Amazon ES的KNN将在向量空间中搜索各点,并根据欧几里德距离或余弦相似度(默认值为欧几里德距离)找到这些点的“最近邻”.

在找到给定图像的最近邻向量(例如k=3最近邻)时,它会将与之关联的Amazon S3图像返回至应用程序.

如图所示,为视觉搜索全栈应用程序的基本架构.

整个流程包含以下操作步骤:

[1] - 终端用户通过自己的浏览器或移动设备访问Web应用程序.

[2] - 用户上传的图像以 base64 编码字符串的形式被发送至 Amazon API Gateway 与 AWS Lambda,并在Lambda函数中重新编码为字节形式.(公开可读的图像URL以字符串形式传递,并可下载为字节形式.

[3] - 各字节作为载荷被发送至Amazon SageMaker实时端点,而后由模型返回图像嵌入的向量.

[4] - 该函数将搜索查询中的图像嵌入向量传递至Amazon ES域内索引中的k近邻,而后返回一份包含k相似图像及其对应Amazon S3 URI的列表.

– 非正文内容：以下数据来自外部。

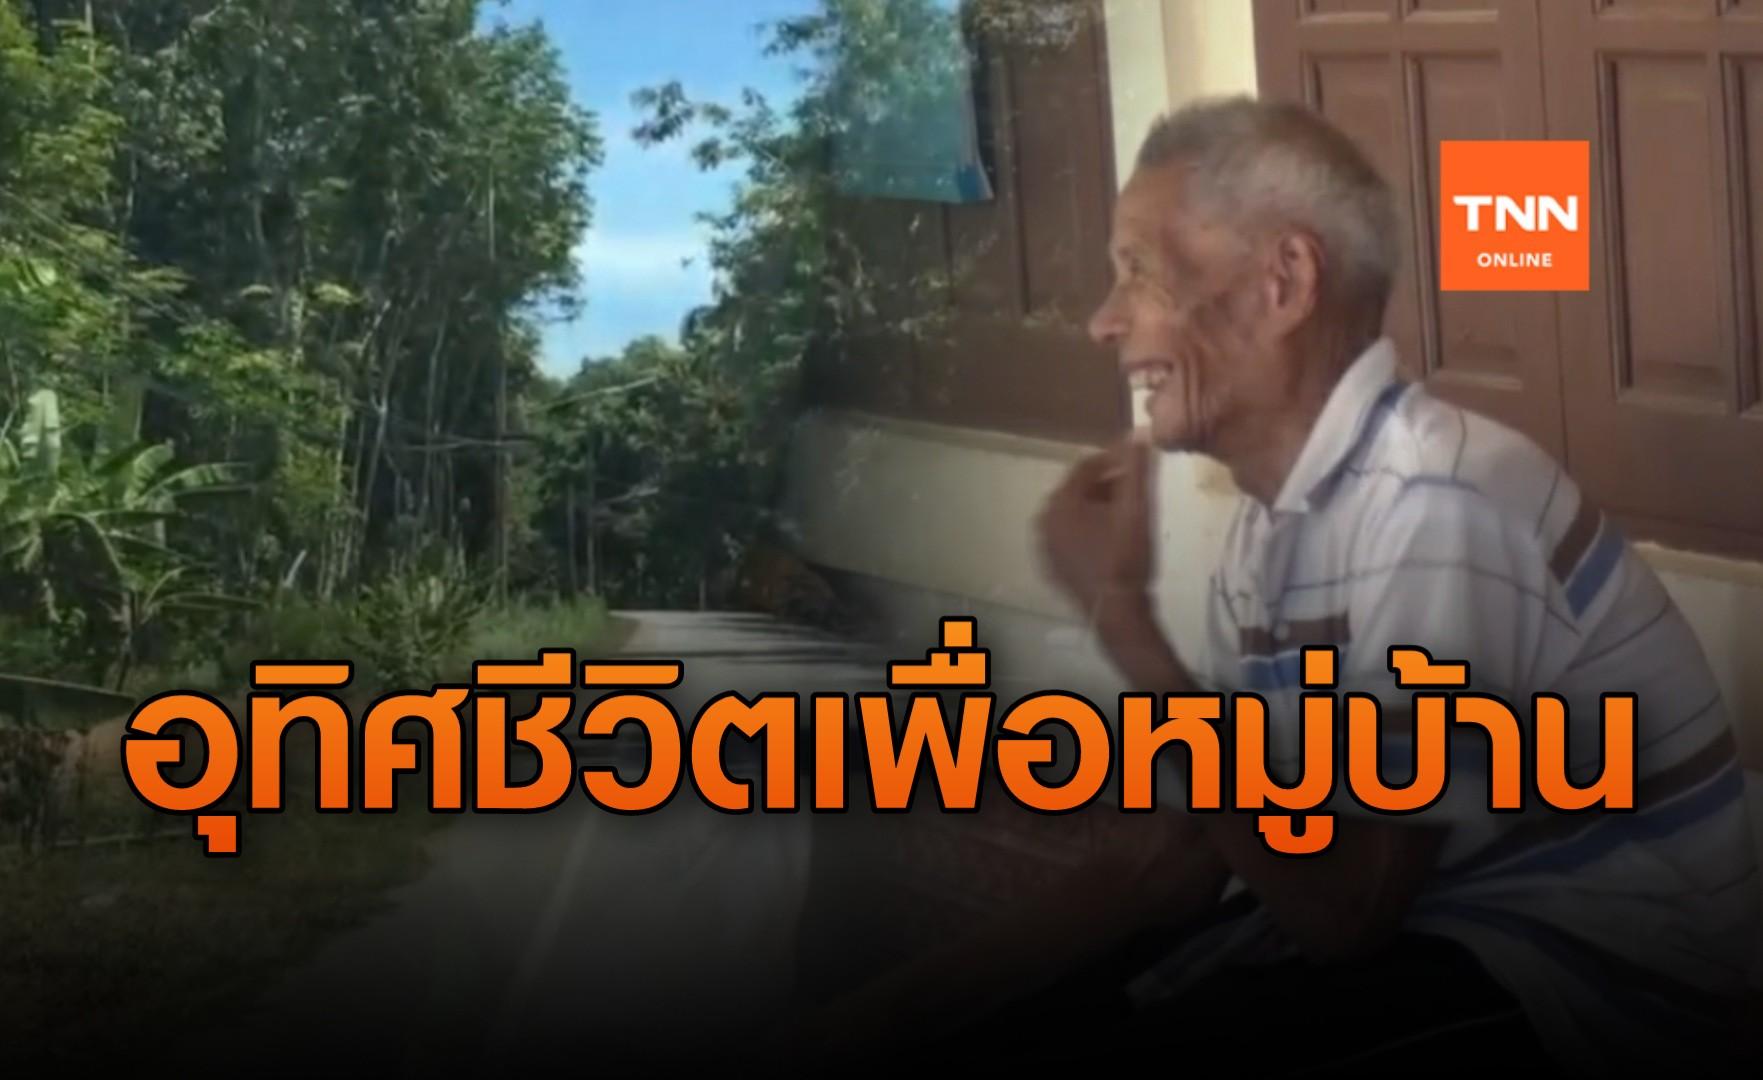 น่าชื่นชม! พ่อเฒ่าวัย 88 ปี พัฒนาถนนและปลูกต้นไม้ในหมู่บ้านโดยความสมัครใจ

[5] - 该函数生成经过预签名的Amazon S3 URL并返回至客户端Web应用程序,此URL用于在浏览器中显示相似图像.

2.3. 相关AWS服务

要构建这样一款端到端应用程序,需要使用以下AWS服务:

  • AWS AmplifyAWS Amplify 是一套面向前端与移动开发人员的JavaScript库,用于构建云应用程序. 关于更多详细信息,请参阅GitHub repo.
  • Amazon API Gateway – 一项全托管服务,用于以任意规模创建、发布、维护、监控以及保护API.
  • AWS CloudFormationAWS CloudFormation 为开发人员及企业提供一种简便易行的方法,借此创建各AWS与相关第三方资源的集合,并以有序且可预测的方式进行配置.
  • Amazon ES – 一项托管服务,能够帮助用户以任意规模轻松部署、运营以及扩展Elasticsearch集群.
  • AWS IAM – AWS身份与访问管理(AWS Identity and Access Management,简称IAM) 帮助用户安全地管理指向各AWS服务与资源的访问操作.
  • AWS Lambda – 一套事件驱动型、无服务器计算平台,可运行代码以响应事件,并自动管理代码所需的各项计算资源.
  • Amazon SageMaker – 一套全托管端到端机器学习平台,用于以任意规模构建、训练、调优以及部署机器学习模型.
  • AWS SAMAWS Serverless Application Model (AWS SAM)是一套开源框架,用于构建无服务器应用程序.
  • Amazon S3 – 一项对象存储服务,可提供具备极高持久性、可用性、成本极低且可无限扩展的数据存储基础设施.

3. 整体实现

https://github.com/aws-samples/amazon-sagemaker-visual-search/blob/master/visual-image-search.ipynb

依赖项:

  • tqdm
  • elasticsearch
  • requests
  • requests-aws4auth

实现过程如下:

Amazon 基础环境设置:

import boto3
import re
import sagemaker
from sagemaker import get_execution_role

role = get_execution_role()

s3_resource = boto3.resource("s3")
s3 = boto3.client('s3')
cfn = boto3.client('cloudformation')

def get_cfn_outputs(stackname):
    outputs = {}
    for output in cfn.describe_stacks(StackName=stackname)['Stacks'][0]['Outputs']:
        outputs[output['OutputKey']] = output['OutputValue']
    return outputs

## Setup variables to use for the rest of the demo
cloudformation_stack_name = "vis-search"

outputs = get_cfn_outputs(cloudformation_stack_name)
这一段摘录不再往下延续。